Suppose you write a program and you send the source code to two of your friends, ${\cal A}$ and ${\cal B}$. Your two friends read the code and when they finish, $A$ errors are detected by ${\cal A}$, $B$ errors are detected by ${\cal B}$, and $C$ errors are detected by both. So, in total, $A+B-C$ errors are detected and can now be eliminated. We wish to *estimate* the number of errors that remain unnoticed and uncorrected.

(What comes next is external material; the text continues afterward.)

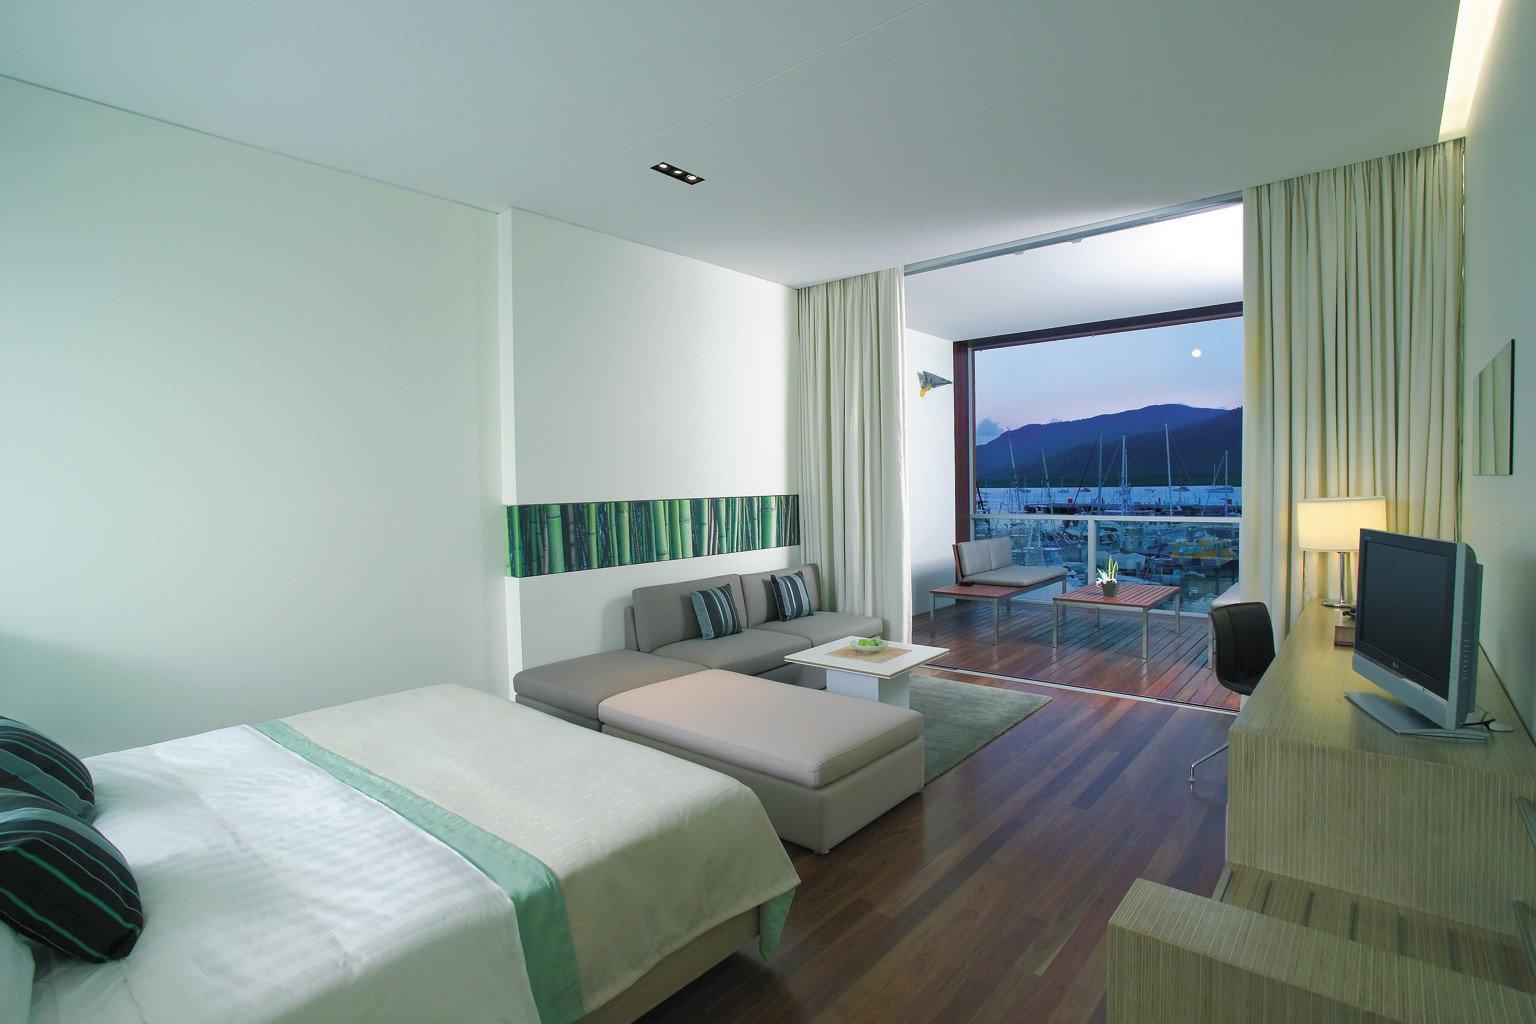 Bedroom Classic Luxury Waterfront green property condominium Suite living room Villa

The original version of this problem concerns manuscripts and proofreaders, instead of source code and programmers. It was posed and solved by George Polya and published in 1976 on The American Mathematical Monthly under the name of *Probabilities in Proofreading*. Because the problem is interesting and Polya’s solution is short and elegant, I have decided to record and share it. Also, since code sharing and reading is a frequent activity in the software development world, estimating the desired value can be helpful for some readers of this blog.

## Estimating the number of unnoticed errors

Let $E$ be the number of all errors, noticed and unnoticed, in the source code. Our goal is to estimate the value of $E-(A+B-C)$. Let $p$ be the probability that friend ${\cal A}$ notices any given error and $q$ the analogous probability for friend ${\cal B}$. The expected number of errors that may be detected by ${\cal A}$ is $E{\cdot}p$ and by ${\cal B}$ is $E{\cdot}q$. Assuming that these probabilities are independent, the expected number of errors that may be mutually detected by both friends is $E{\cdot}p{\cdot}q$.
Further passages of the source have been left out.